Divorcing A Friend (Because Adult Friendships Are Tough AF)

By Sola Onitiri

Four Signs That You're Stuck In A Bad Friendship

Maintaining friendships isn't easy - we all know that. But doesn't it seem like we all have friendships that are little more exhausting than others? Gone are the friendship- bracelet making- talking on the phone all night days of junior high. Adult friendships are a whole 'nother ball game. It takes killer communication skills and time management savvy to pull off long-lasting friendships.

Some of you probably read this headline and immediately knew who you wanted to file against. Or maybe some of you wanted to make sure you weren't the ones being served the papers. No matter where you fall in this divide, we can ALL agree that keeping the friends you've happened to make as an adult is an immense balancing act. And some people are better at it than others. 

There are a few patterns and actions that make up a bad friend. Granted, a lot of these issues can be discussed in a good meditation session before pulling the plug, but if the person(s) you're thinking of, has all of these qualities it might be time to think about a separation or divorce.  

Shade throwing

There is literally nothing worse than a Shady Sadie. They're the person in your friend group who is determined to lower the mood by relentlessly, yet so casually, throwing shade at everyone and everything. I mean nothing is off limits for these kinds of "friends". They relish in re-telling embarrassing stories from your past and insulting your intelligence while wielding a false sense of concern. Hiding behind a so-called veil of honesty, this shade thrower, this ego deflator is probably banking on the fact that you won't confront them. You deserve a group of friends that are both positive and uplifting. So if you feel attacked or embarrassed every time you're with this friend, divorce is totally the best option. 


Their Problems Are Bigger Than Yours

This phenomenon is also known as the one-sided conversation. And the conversation always starts the same way. You barely get a chance to say hello before they are launching into a long-winded negative story about their day. They stop to ask for advice that they will never implement before launching into the next dramatic topic - all the while they never once asked you about your day or how you were. Now, it's easy to get sidetracked with life, and part of being a good friend is being there for the rant sessions. But if weeks go by and they haven't asked you about your life, it might be time to address this issue. A good friend is more than someone you just talk at. If you talk to them about this and they still continue this behavior, it's a sign of deep-rooted centeredness and it's time for you to bounce. 

You Are Their Last Priority

Trying to hack the work-life balance equation is far more complex than we give it credit for. Work is hard enough but let's talk about life. "Life" involves fitness and finances and romance and family and are you dizzy yet because I am. The best way to show someone you care is by taking time out of a whirlwind schedule to catch up or hang out. Even if it's once  week for an hour or two - this will go miles in a friendship. But if every time you call that friend for a kiki, they are going here and hanging out there and you don't see them unless you happen to be going to the same place - that's a bad sign. Friends make time for friends. Full stop signed sealed delivered. Even if it's not in person, a simple check-up-text or this made me think of you Instagram mention, is the least a friend can do.  

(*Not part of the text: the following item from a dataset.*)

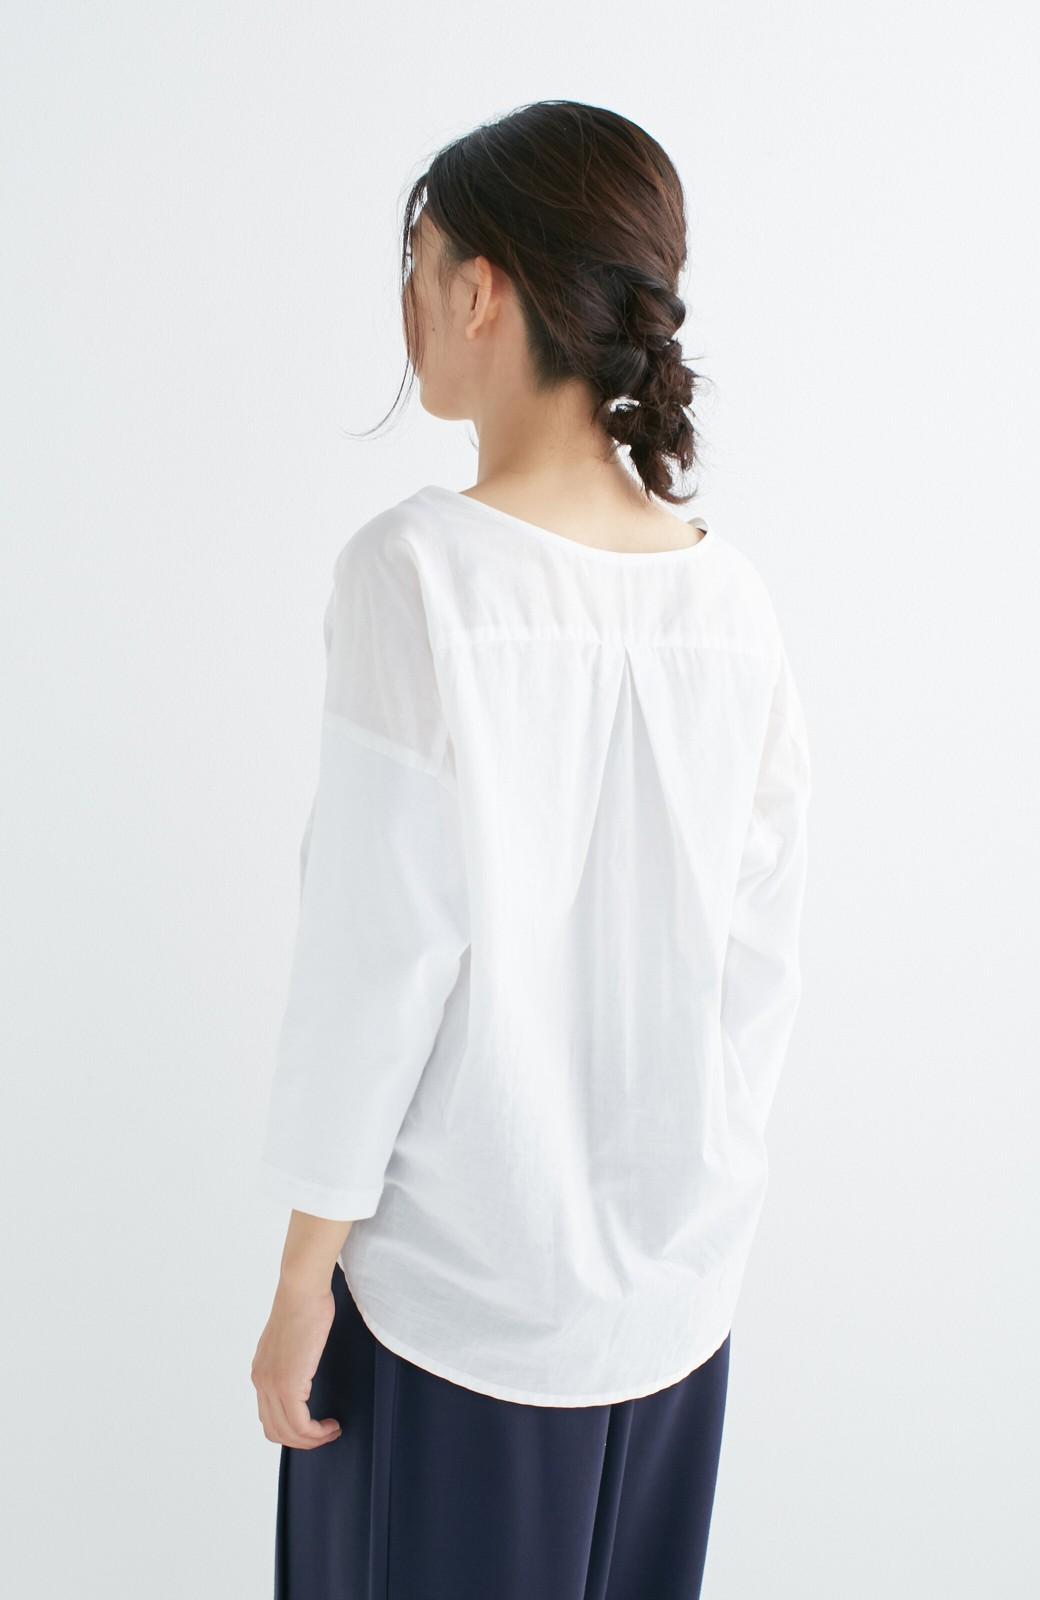 エムトロワ こう見えて動きやすい、袖だけカットソーの華やか刺しゅうブラウス <ホワイト>の商品写真18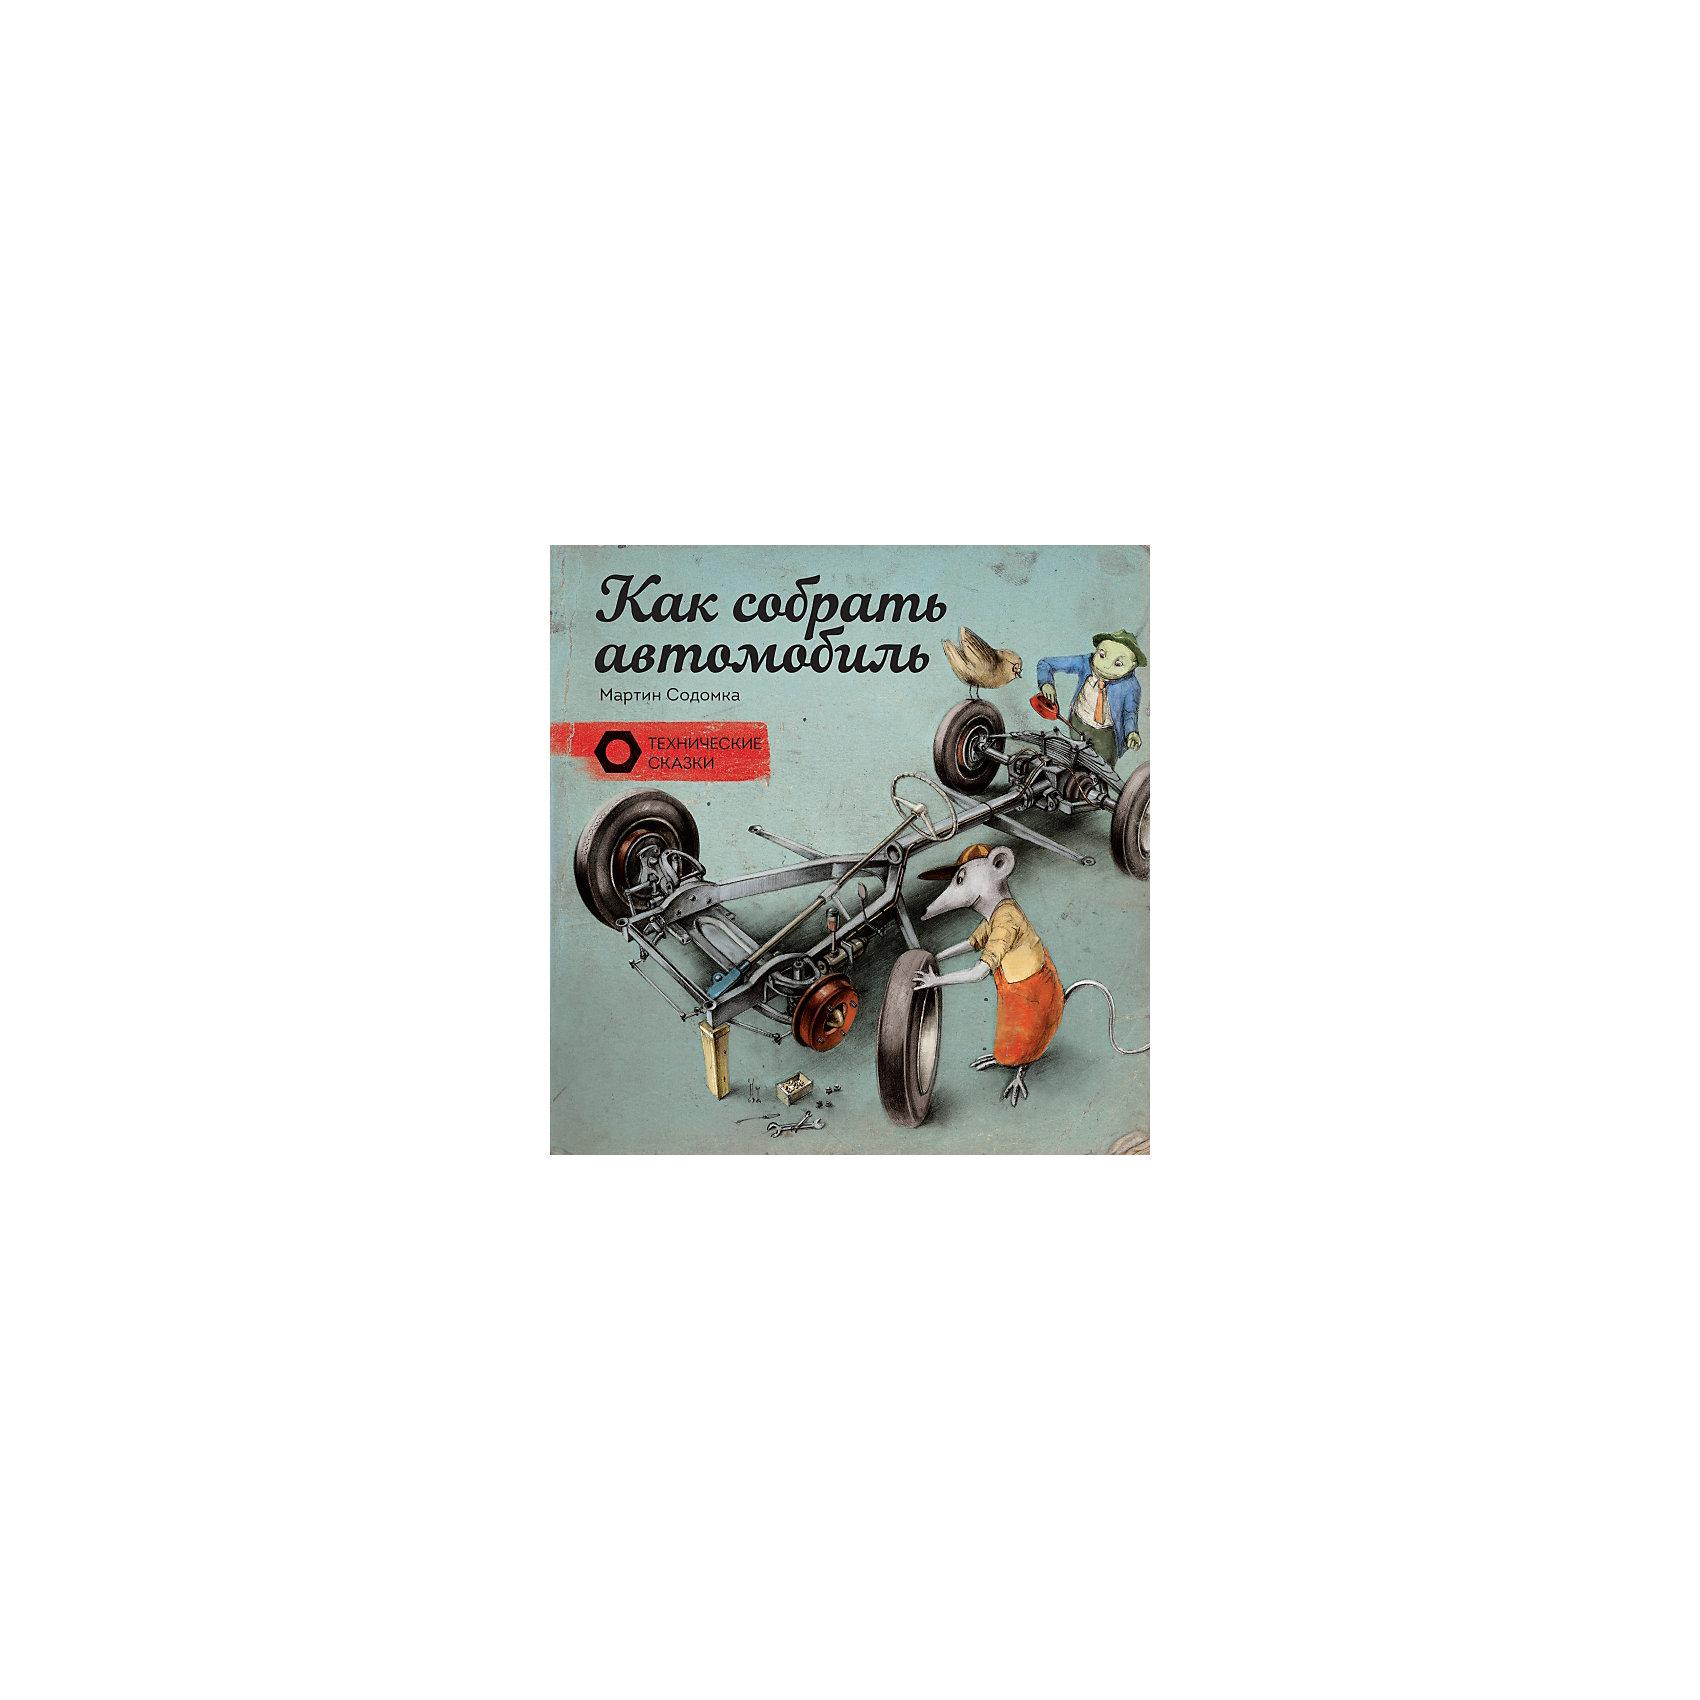 Книга Как собрать автомобильЭта история началась с того, что двое друзей - мышонок Арни и воробей Билл - решили собрать автомобиль. Вскоре к ним присоединился лягушонок Кристиан, который снабдил их всеми необходимыми деталями. Следя за приключениями Арни и его друзей, читатель узнает много нового о конструкции и принципе работы автомобиля: устройстве двигателя, сцепления, тормоза, распределителя и других систем.<br><br>Ширина мм: 215<br>Глубина мм: 215<br>Высота мм: 10<br>Вес г: 392<br>Возраст от месяцев: 72<br>Возраст до месяцев: 2147483647<br>Пол: Унисекс<br>Возраст: Детский<br>SKU: 5535253

They're Not Honest With You 

My best friends help me keep it real. They give me a point of view that helps me make a sound decision, especially when I'm feeling particularly high key (And I have a tendency to be high key). They're the second set of eyes on a situation that I'm too close to call myself. The advice isn't always pretty - hell sometimes it's downright harsh - but it's something that needs to be said so that I can move forward. If your good friends can't keep it real with you, then maybe they're not good friends. And that goes the other way as well. Think about the last bit of advice a good friend gave you. Did they listen to you before giving the advice? Do you feel like it came from a good non-judgey place? In fact, before you answer those questions answer this: Would you go to this person for advice in the first place? If you're shaking your head to any of those questions that's a major red flag.

So What Do you do Now?

Let's get existential for a hot minute. Are you a good friend (gasp! #PlotTwist I know)? Are you expecting friendship that you are not coming anywhere close to giving yourself? Before you determine what to do about the state of your friendships, take time to self-reflect. Make sure you yourself are not falling into any of these bad friend pitfalls before confronting a friend. If you check out, then let's get real about fixing the issues.

I like to think of these points like a checklist. If you have a friend that each of these items describes perfectly then you have a bad friend on your hands and you need to get out of this friendship immediately. If you feel the need to talk with them and explain it for the sake of closure, do so. However, don't feel bad about ghosting this friendship. It may feel terrible at first, but remember you deserve positivity and harmony in your life. 

If they are only guilty of one or two things, then it's time for mediation. Sit them down and tell them how you feel. Don't invite a whole bunch of people over brunch and lay into them a la the Real Housewives of your respected city. One on one, sit down and be honest about the state of your friendship, how important it is to you to see it rehabilitated, and how you think it can improve. Granted, this may not go exactly the way you want - it never does. But it shouldn't stop you from trying to salvage a friendship. 

Friendships are some of the most meaningful relationships you will have in this lifetime. So work on them, cry about them, and above all, cherish them.